The district court’s analysis fails on all counts to correctly apply the statute and the Franklin precedent. The court held, for example, that the president’s memorandum would somehow “chill” participation in the census. It did that without evidence to support that conclusion; however, even if it were true, it would be irrelevant. If the president has the statutory authority to determine the population used for apportionment purposes, then any chilling effect cannot be used to prevent him from exercising his statutory authority.
The court also held that the president’s role in making this determination is, in fact, ministerial, and that he cannot direct the secretary to report a different population for apportionment purposes from the total population determined by the census. But that is directly contrary to the Supreme Court’s decision in Franklin that the president can make policy judgments on what population will be used for the apportionment formula. It also conveniently ignores the fact that the Census Bureau has long excluded other “whole persons” from the count, such as noncitizens who are in the country as tourists or for business purposes.

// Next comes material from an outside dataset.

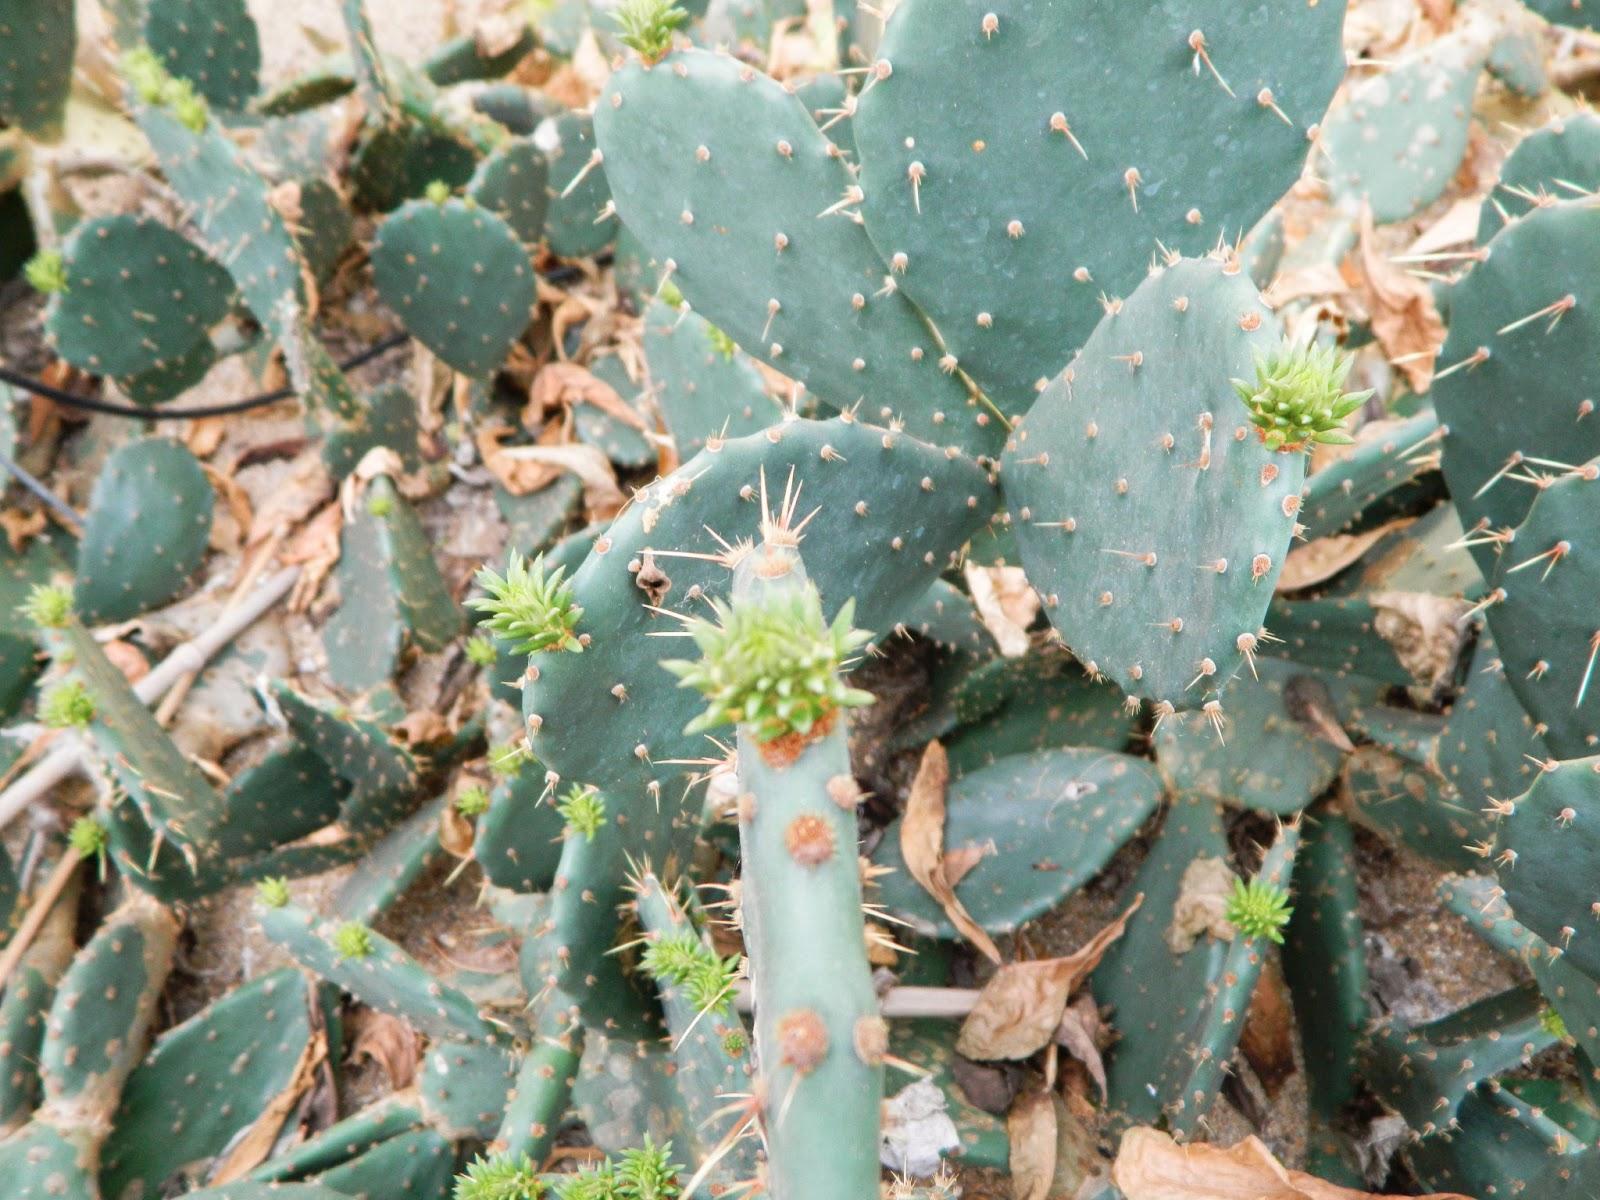 cactus budding
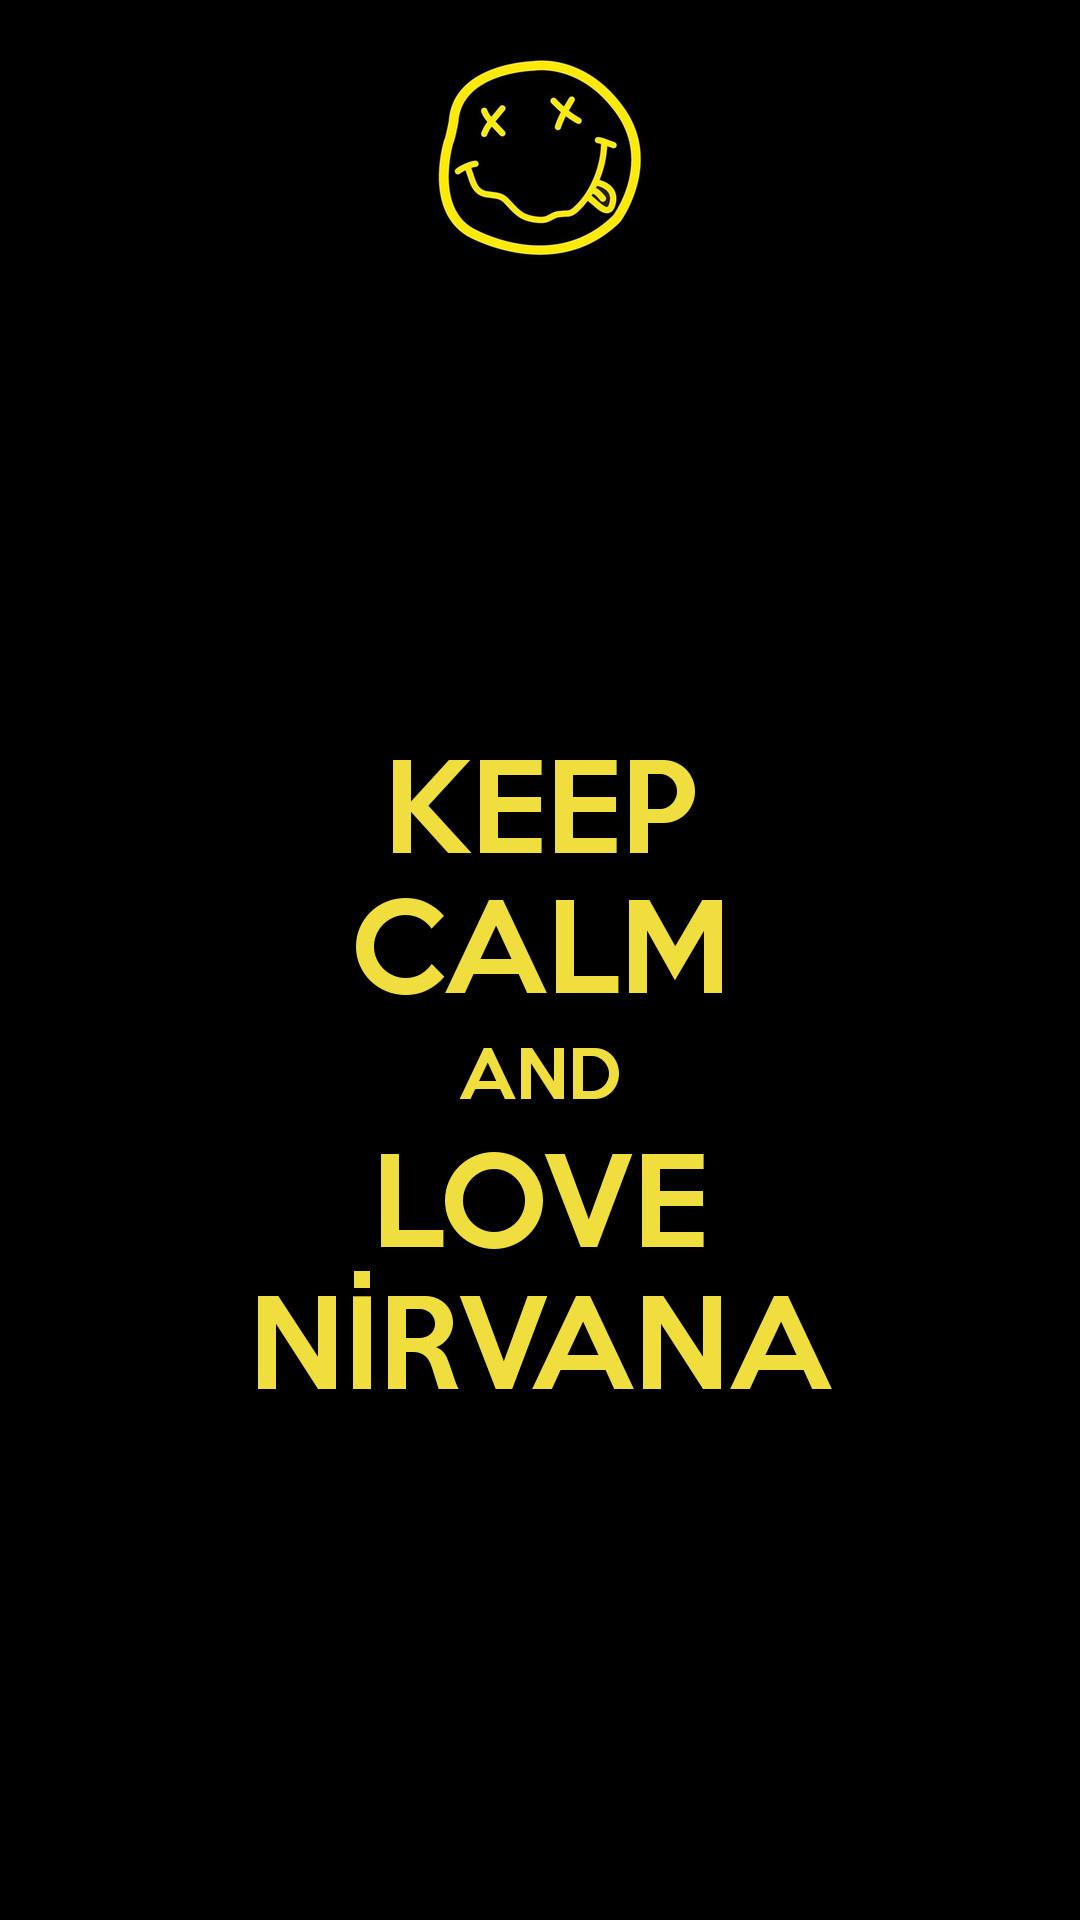 Top 50 Logo: Nirvana Logo Wallpaper (50+ Images

Including noncitizens living here illegally in the population used for apportionment makes no sense in a representative, democratic republic, any more than it would make sense to allow them to vote, make political donations or run for office. And as the Franklin case shows, and as pointed out in a persuasive amicus brief filed by constitutional scholars John Eastman and John S. Baker about the original meaning and history of the apportionment clause in the Constitution, the president is well within his authority to exclude these noncitizens. Eastman and Baker note that including noncitizens who cannot legally establish residence would be inconsistent with the Constitution since they are not “inhabitants,” the “term used in the Constitutional Convention, The Federalist Papers, and Census instructions for much of our history to identify those to be counted.” (Baker elaborates on that argument for SCOTUSblog in a previous entry in this symposium.)
The Supreme Court should overturn the lower court opinion, dissolve the injunction and not allow the votes of citizens to be diluted, and the distribution of the political power of the states to be unfairly distorted, by an apportionment calculation that includes noncitizens without legal status and without allegiance to our nation.